You can watch two astronauts take a spacewalk to fix a $2 billion space experiment today. Here’s how. – Space.com

NASA is sending a pair of astronauts on a spacewalk outside the International Space Station today (Jan. 25) to finish fixing a complicated science experiment. Here’s how to watch it live.

NASA TV began streaming the spacewalk around 5:30 a.m. EST (1030 GMT) as European Space Agency astronaut Luca Parmitano and NASA astronaut Andrew Morgan complete their final spacewalk preparations. You can watch it live here on Space.com. The spacewalk is expected to start around 6:50 a.m. EST (1150 GMT), when the astronauts will switch their spacesuits over to battery power before heading out of the airlock.

The astronauts will focus on installing a new cooling apparatus and lines on the Alpha Magnetic Spectrometer (AMS), an aging experiment on the International Space Station that searches for cosmic rays, as well as dark matter and dark energy (mysterious phenomena thought to make up most of the universe), among other phenomena. This is the fourth spacewalk for Morgan and Parmitano on the AMS, following up on work in November and December.

Related: The amazing spacewalks of Expedition 61 in photos 

ESA astronaut Luca Parmitano (left) and NASA astronaut Andrew Morgan work on U.S. spacesuits they will wear on a spacewalk scheduled for Jan. 25.  (Image credit: NASA)

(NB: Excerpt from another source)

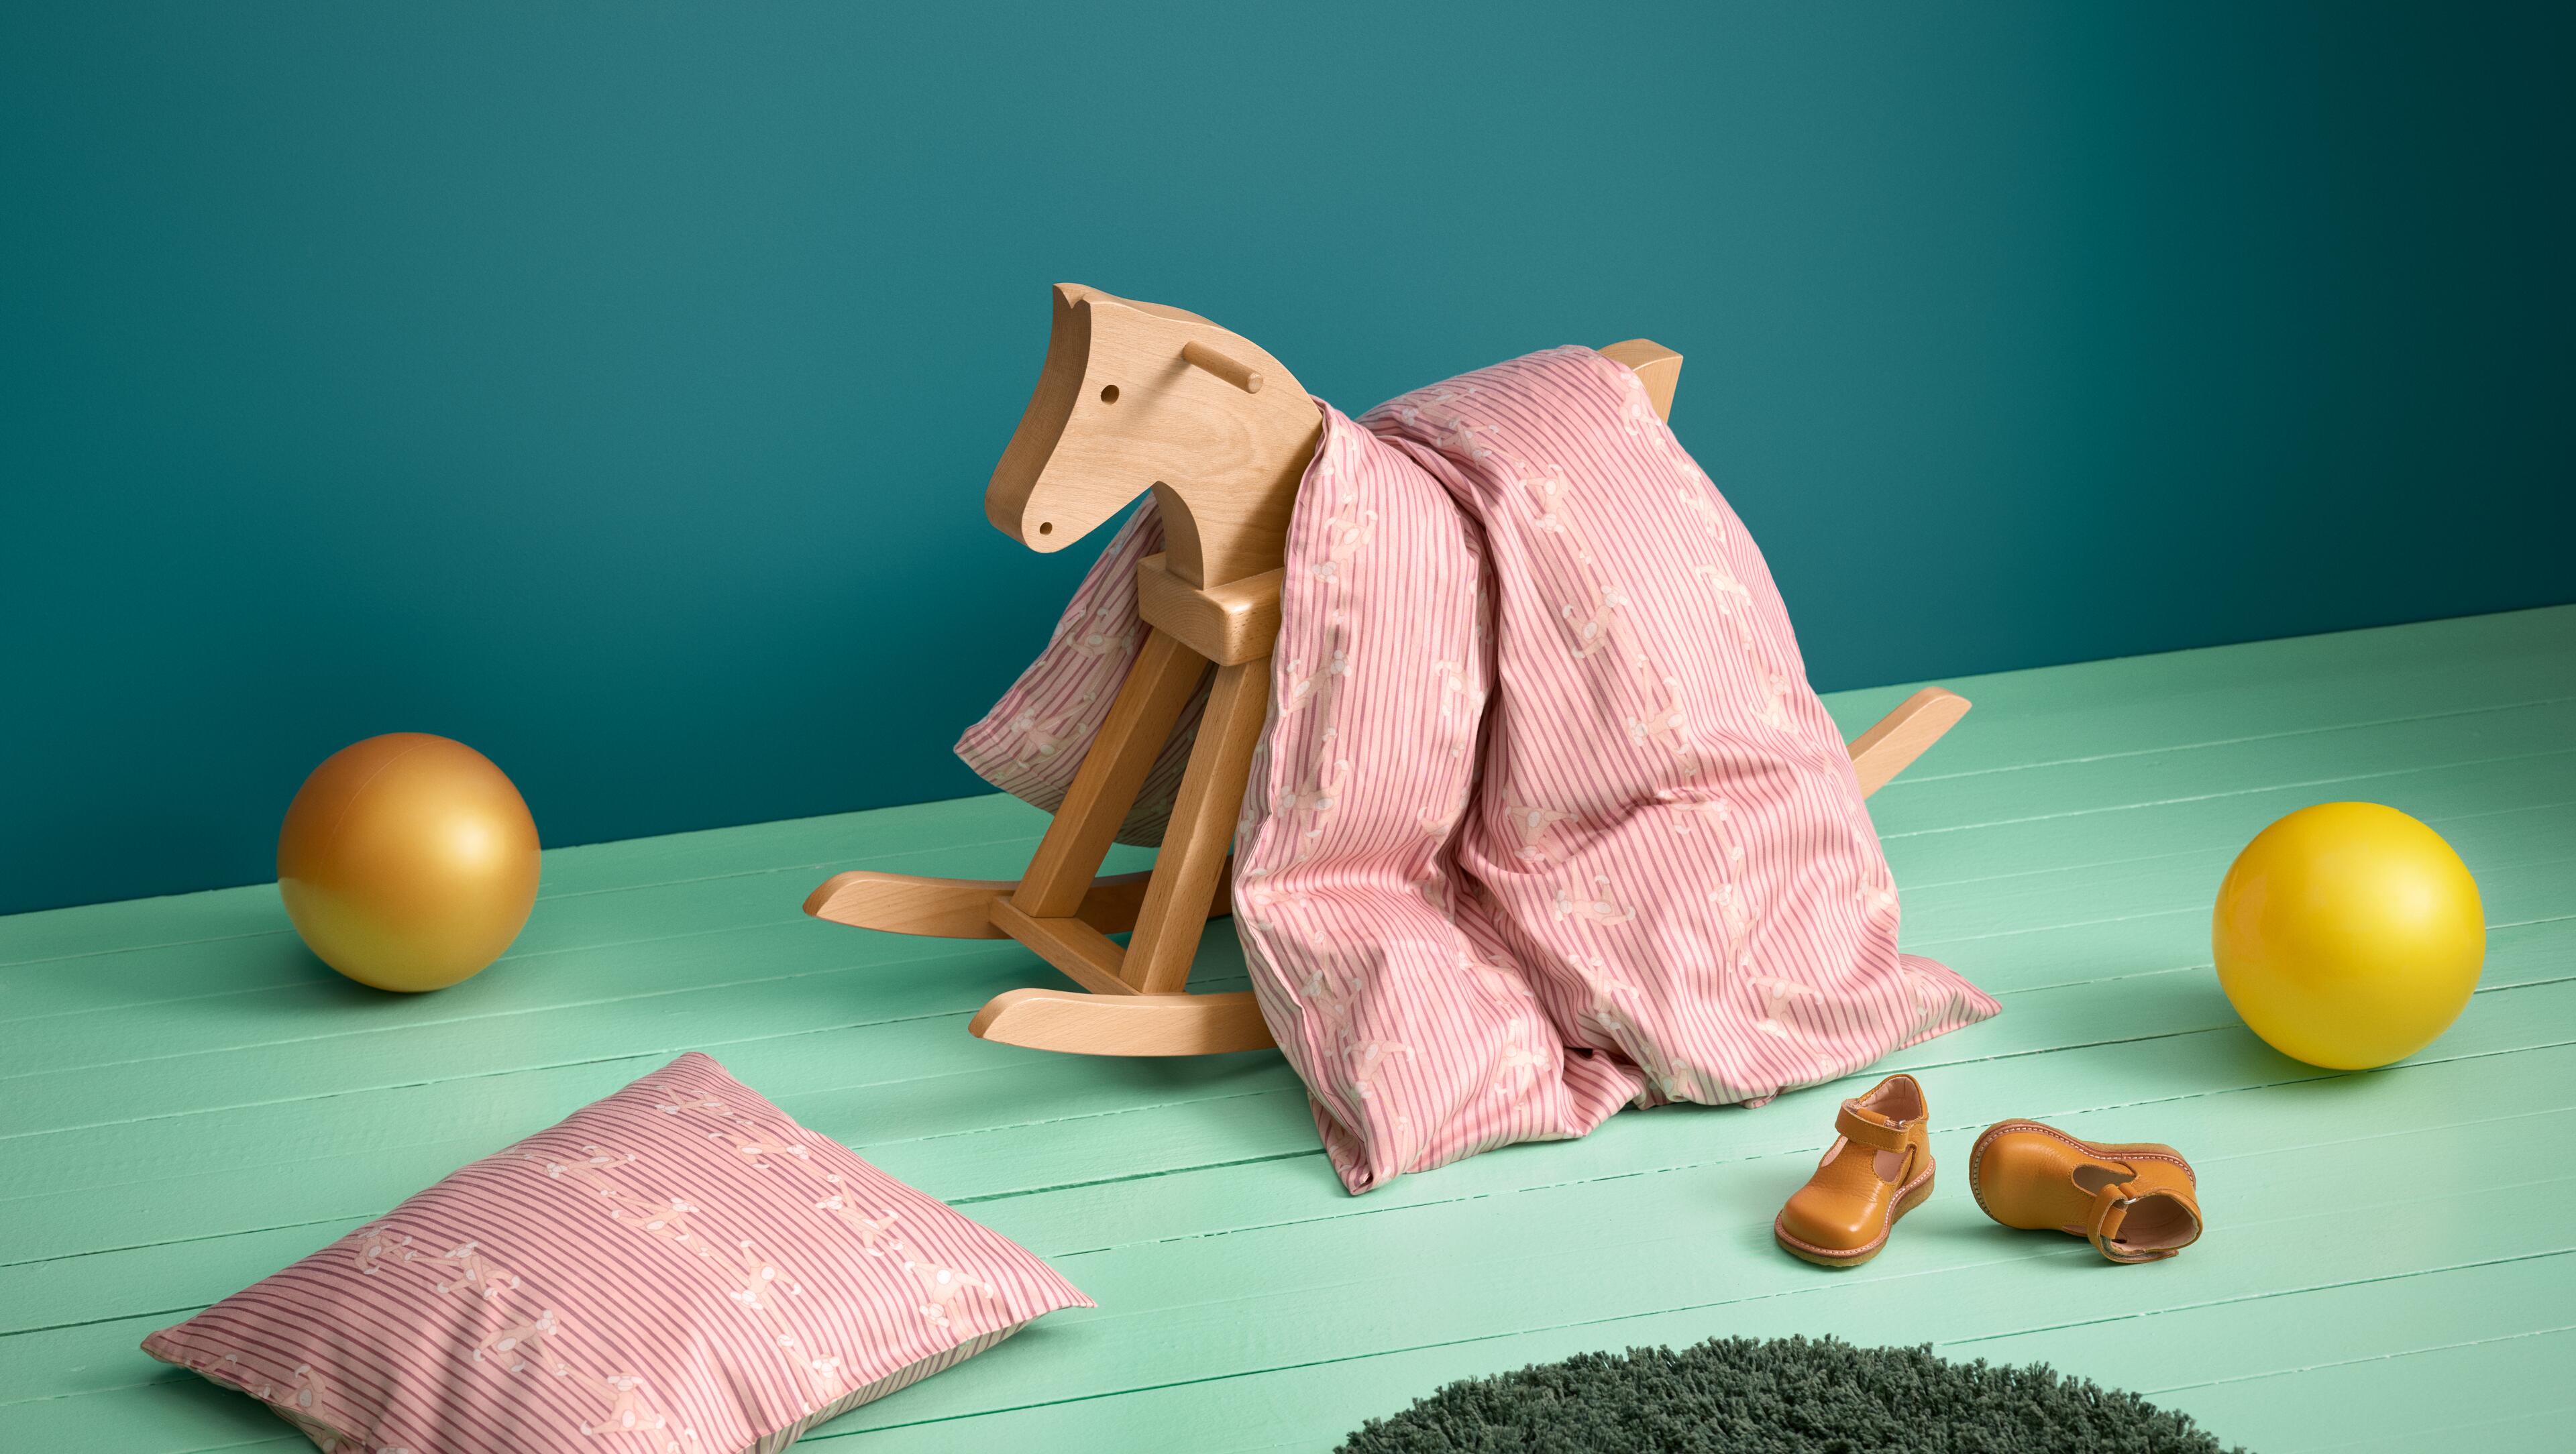 Children's room with rocking horse

The AMS was not originally designed for in-space servicing, but its work is of such value to the scientific community that NASA drew up new procedures and new tools to tackle the repair and upgrade work. The agency has said that this is the most complex set of spacewalks undertaken since the last mission to the Hubble Space Telescope, in 2009.

The duo’s last AMS spacewalk was on Dec. 2, when the astronauts put a new coolant pump outside the space station. That pump will help to keep the AMS at the proper temperature needed for its detectors to function. Guiding the spacewalk from the ground will be Canadian Space Agency astronaut Jeremy Hansen, who led the team creating the AMS repair procedures and simulating the associated work in NASA’s Neutral Buoyancy Laboratory, a large pool meant to simulate the feeling of spacewalking.